Wiretapping Trump style: Of course there is no proof whatsoever, as Trumps folks try and deny what POTUS claimed. From the New York Post: “I don’t even know where the satire begins,” Rep. Mike Quigley (D-IL) told CNN’s Erin Burnett, in response to Trump’s unsubstantiated Twitter accusations that then-President Obama had wiretapped his phone lines in Trump Tower during the 2016 campaign… During his explanation Monday, Spicer claimed that Trump meant “surveillance and other activities” when he used the words “wire tapping.” “It’s so absurd, I suggest that the White House put their best person on this investigation themselves,” Quigley snarked. “At this point, it sounds like Inspector Clouseau.”
Middle East Special Envoy: Howard Greenblatt is the man, visiting the Middle East to help negotiate peace between Israel and Palestine, and maybe I’m being anti-Semitic here but surely this is one job where a person of the Jewish persuasion might be considered, what’s the word, biased as fuck.
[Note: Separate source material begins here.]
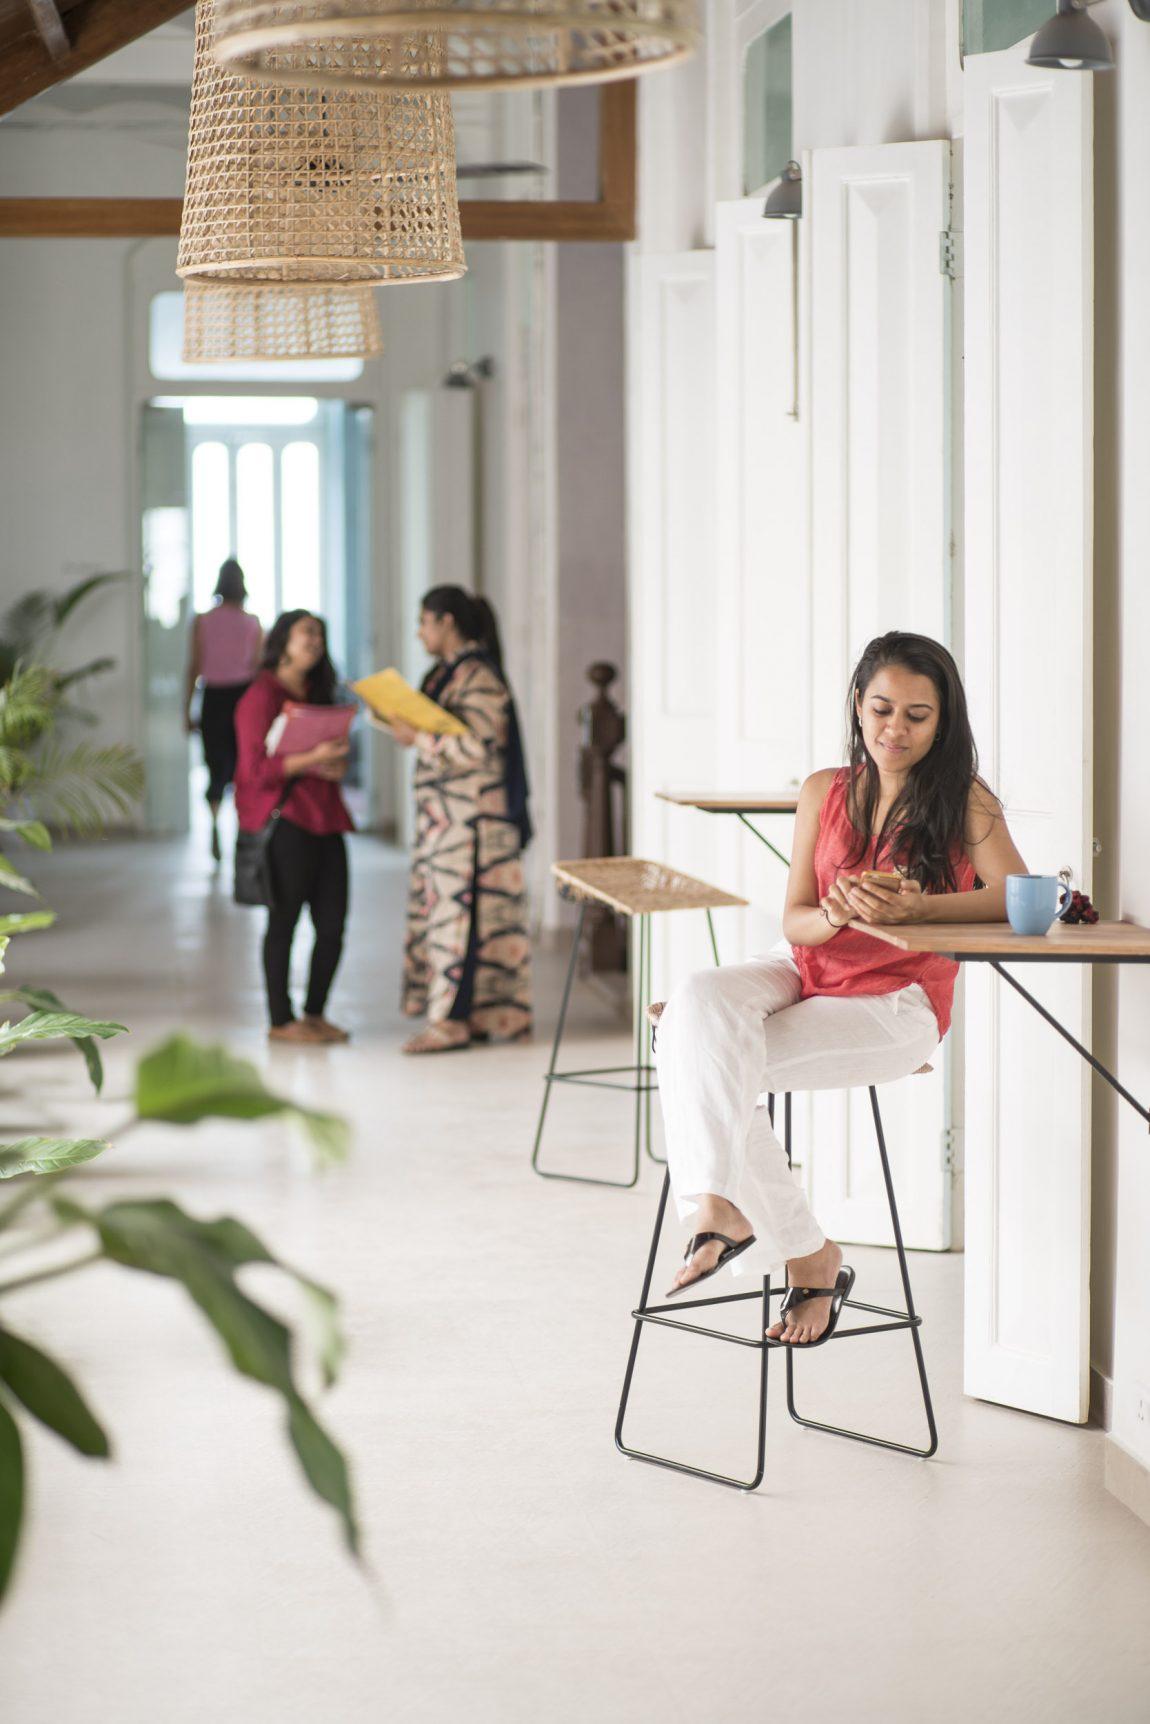 flexwerkplek-mumbai-inspiratie

Surely, a Scientologist would be more reasonable. Why is it the US keeps on sending Jewish people to negotiate with Palestinians?
Time Crystals: Physicists have announced the first synthesis of Time Crystals: “A violation in time-translation symmetry means that under certain conditions or select cases energy is not a conserved quantity and that laws of nature themselves are variable with time.”